卫冶忍无可忍地捏了个茶团塞进聒噪的肃王嘴里,真心诚意地说:“求你了,打进门起就开始惦记我身子,我现在如实告诉你,昨夜是去寻的顾芸娘,论着辈分那得是小姨,我再怎麽混账,清白也丢不到她身上。”
萧承玉看着他们俩瞎闹,忽然笑起来。
见人唰地扭头朝自己看,萧承玉十指微扣,无意识显出几分心绪不静:“我仔细想了想,若是朝中不太平,六部无处去,其实江左倒是个不错的去处,历来翰林都得在那儿待上几年……”
“再说吧,翰林也不是什麽好去处。”卫冶打断了他的话,语气透着几分不容忽视的坚决,“实在不行,就随他们自己乐意。”
屋里热,燃金暖炉烘烤着人,咕噜噜的水汽开始往上翻腾。
空中再次飘起小雪,封长恭顺手抻开红绢伞,撑在了驻地远眺的李喧头上。
“太傅。”封长恭轻声唤了一句,跨步并肩而立,“天凉了,六殿下的病大概一时半会儿也难好,总不能您也冻着。”
李喧望着东宫方向眸色很冷,说道:“圣人远比我想得心狠,连太子都算计,这样的心性放在战乱中倒是镇军立威的一剂良药,可如今却不是件好事——十三,你生性其实与他肖似,但我希望你能克制。”
封长恭:“净蝉大师曾让我顺其自然,克制也许换不来什麽。”
“可侯爷已然深知其妙。

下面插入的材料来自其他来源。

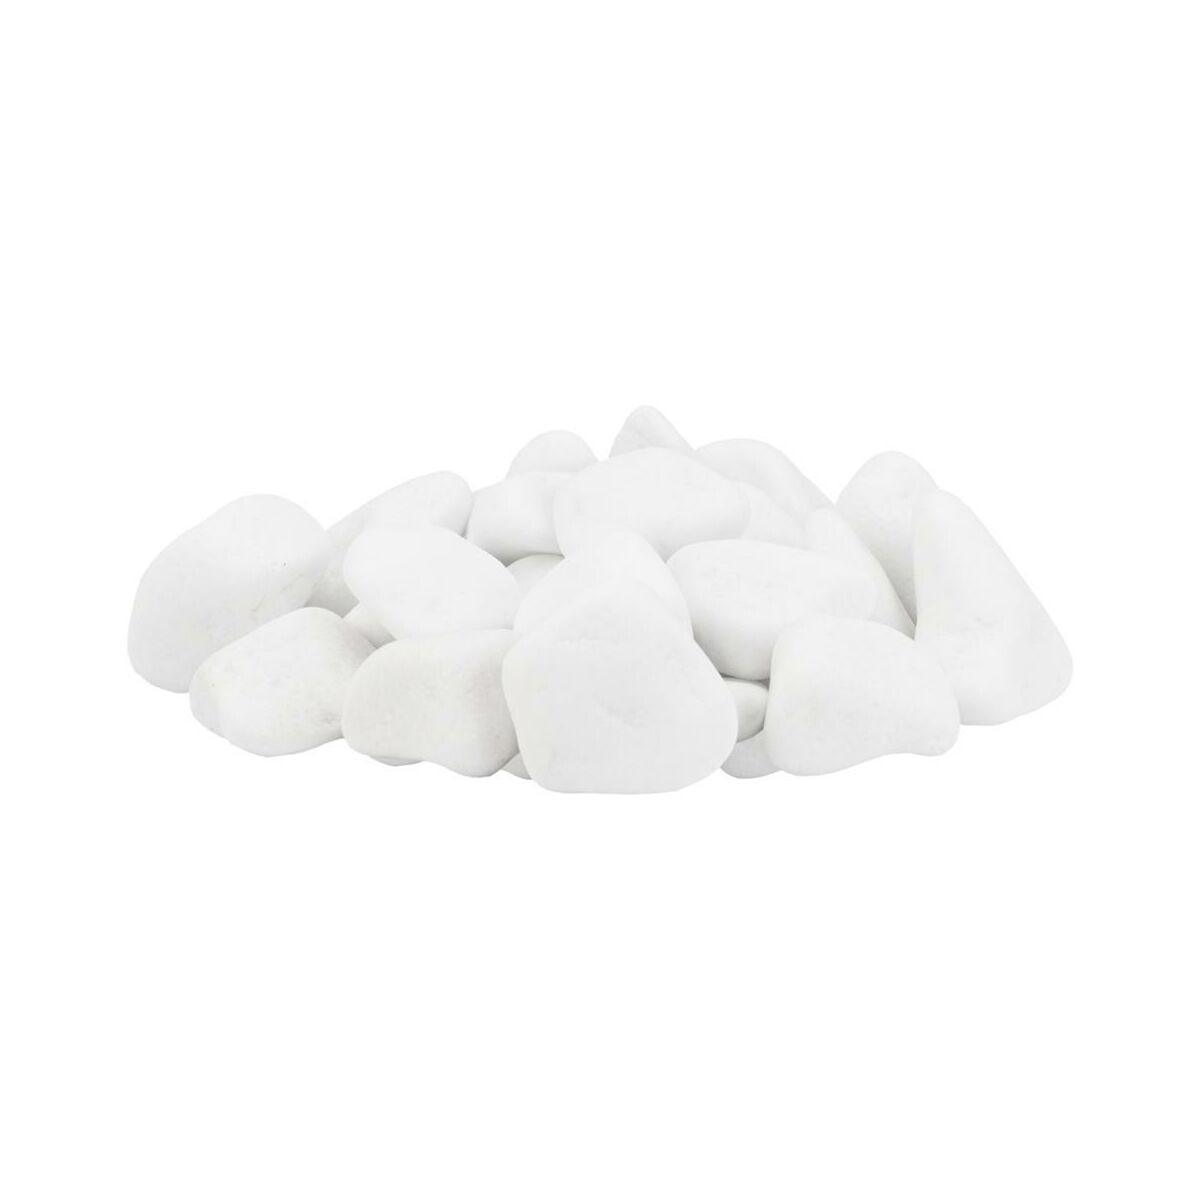 Kamyki Ceramiczne Ozdobne Akcesoria Kominkowe W Atrakcyjnej Cenie W Sklepach Leroy Merlin

”李喧转头看他。
封长恭淡然道:“我毕竟成不了他……说到这儿,侯爷今日出门前有丢给我几张折子,还未来得及写,总觉得腹中文墨不够,写不了几句,就已在重复着绕话头。”
居然这时候就已经由着他执手奏折了吗?
是信任……还是无所谓呢?
“一朝文章成,千古功名顾。”李喧沉吟不语,半晌才道,“其实侯爷有些急了,你还年轻,大可不必如此急切入朝廷。”
封长恭本能地听不惯有人说起卫冶的不是,但也没法否认,只说:“此事是我求来的,要说操之过急,也是我的不是——太傅,你我相识已有四年,总不能一直活在长宁侯的庇护下,我想我应该学着承事了……哪怕心知它会难。”
李喧叹了口气,缓慢地踱步向前。
封长恭便知道这是肯了,当即洗耳恭听。
“折子嘛,好写。”李喧说,“你将一句没有用的真话写得长一些,同个意思翻来覆去写,再将套话往前一加,中间写些‘此计虽好于千秋,然一时之间却有纾难’丶‘变法愈烈,恐惹动荡’,或者‘朝中争议不断,臣请静观後变’之类的废话。”
封长恭颔首:“这侯爷也说过。”
李喧:“与此同时,你千万要注意,别白纸黑字地显露出你与哪位大人有些龌龊,别落人话柄——无论是谁提出的异议,你先要赞同其中微不足道的好处,再挑拣其中大的缺漏,并以找补的语气,多多揭露对方为人处世丶抑或是从中受益匪浅的细节——往往是这些疏忽大意的点,才容易叫人一朝行差踏错,就此授人以柄。”
封长恭在心中略一思索,缓缓笑了起来。
封长恭:“难怪侯爷眼高于顶,却也常常称赞太傅于此道上的修行。”
李喧却说:“但那都是些虚的,除了保全自身,全无他用——接下来的才是我要真正传授给你的道理,十三,如若是你真想变革的法子,千万别由你口出,朝臣衆多,百姓衆多,出头鸟哪哪儿都是……你可千万别学着我当年一般,卖弄本事,也别学侯爷的张扬,凡事都要挂个自己的名号。”
封长恭忽地脚步一顿,转头道:“太傅,当年究竟发生了什麽?您说您找到了可以解释的人,那人是谁,现在何处?为何非要见了我,才口能言物?”
李喧肃声道:“你一气儿问我这许多问题,殊不知一口吃不成胖子,心浮气躁,反显虚态。”
封长恭沉默不语。
李喧:“想清楚了再问。”
封长恭脚下一顿,转身便问:“侯爷的病。”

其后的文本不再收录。